Pequim (CEST), 4 de setembro — O repórter do Marca, Amalio Moratalla, publicou uma coluna discutindo o papel do novo reforço do Barcelona, Rodri, na equipe.

Artigo da Coluna
Vou tentar esclarecer a lógica para evitar equívocos. Rodri é o capitão da nossa seleção, vencedor da Bola de Ouro e o coração do meio-campo da equipe espanhola — uma verdadeira lenda. Neste verão, vários gigantes como Real Madrid e Barcelona fizeram ofertas por ele. É uma bênção para nós que ele tenha permanecido na La Liga. Mas observando as formações de meio-campo do Real Madrid e Barcelona, não tenho certeza se ele conseguiria "garantir uma vaga de titular" em qualquer uma das equipes, como Pellegrini frequentemente afirma.
Quando as negociações começaram, ele se inclinou mais para o Barcelona, perdendo assim o Real Madrid. Mas, na minha opinião, o Barcelona realmente não precisava tanto dele. Um exemplo ilustra o problema: há poucos dias, ele jogou 28 minutos contra o Athletic Bilbao e 27 minutos contra o Rayo Vallecano. Mas a equipe estava funcionando muito bem naquela época, completamente sem a necessidade de ele ser indispensável. A equipe de Flick estava em plena forma, e sua entrada foi mais uma questão de encontrar ritmo de jogo.
Quando Rodri está em campo, é uma "garantia". Seu posicionamento, passe, carisma e comportamento são todos bônus para a equipe. Se ele receber tempo de jogo consistente, como De la Fuente fez na Copa do Mundo, definitivamente se tornará o "núcleo de segurança" do meio-campo do Barcelona. Mas o que me intriga é: se Rodri jogar o jogo completo, quem ficará no banco? Se for usado apenas em grandes jogos — e é de fato um candidato ideal para isso — o efeito pode não ser muito positivo.

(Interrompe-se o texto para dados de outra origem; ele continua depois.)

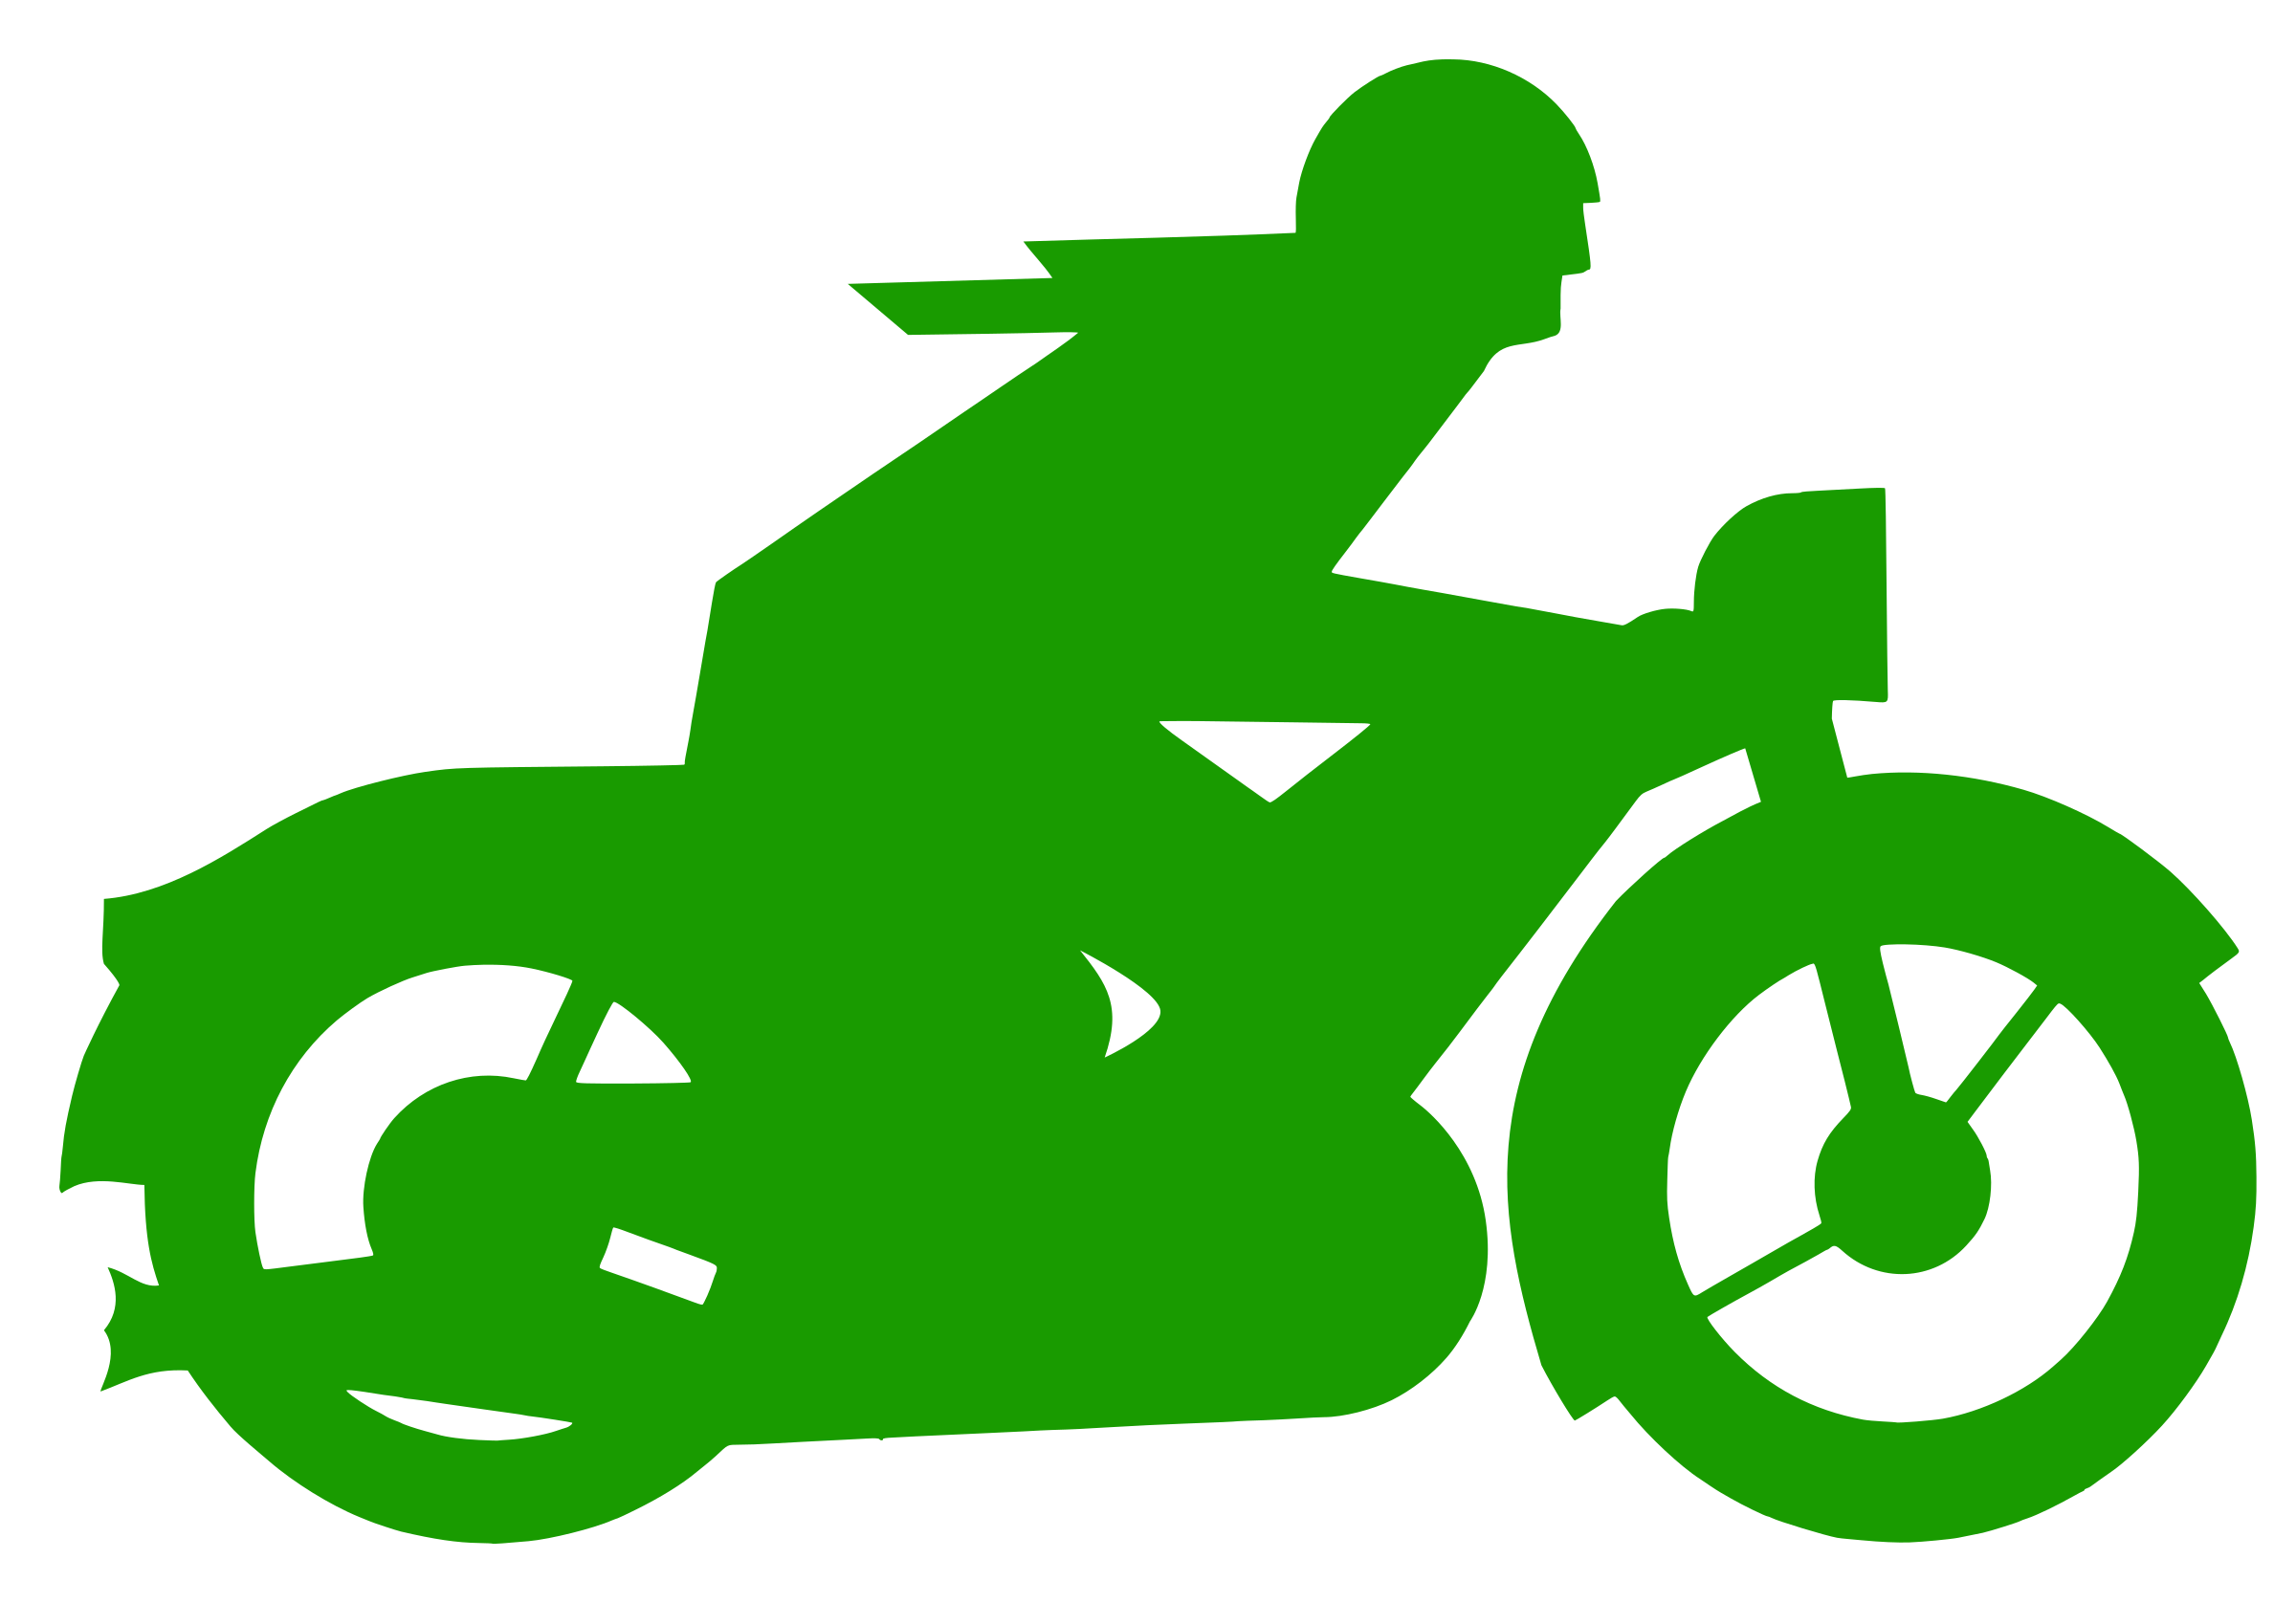 Green clipart motorbike. Motorbiker big image png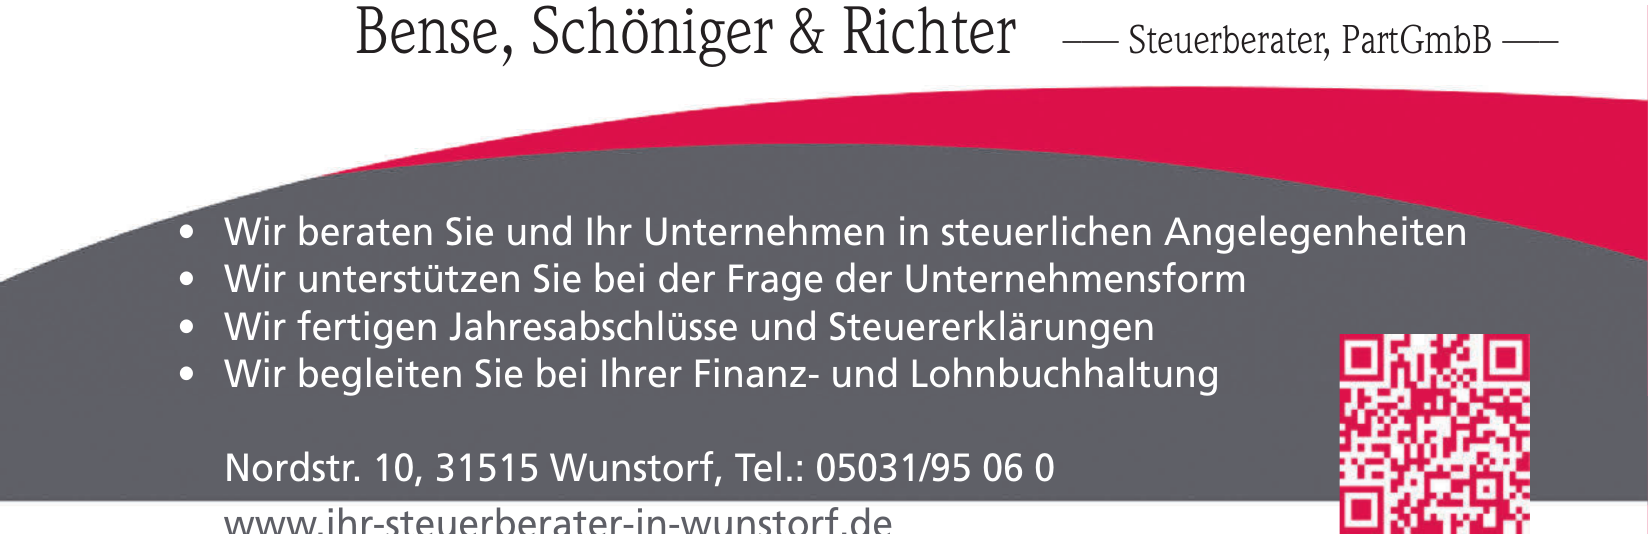 Bense, Schöniger & Richter

Jogadores não são torneiras; você não pode simplesmente ligá-los para obter desempenho e desligá-los quando não precisar. Eles precisam de tempo de jogo, da confiança do treinador e de um ritmo de jogo estável. Somente sob essas condições podem ter o melhor desempenho.
Além disso, os jogadores recuperam gradualmente a forma ao longo da temporada, tornando-se "armas letais". De la Fuente dependeu muito de Rodri na Copa do Mundo; ele teve um desempenho inicial medíocre, mas acabou ganhando o prêmio de melhor jogador. De la Fuente até colocou Pedri no banco durante esse período para tentar diferentes combinações, e essa decisão se provou correta.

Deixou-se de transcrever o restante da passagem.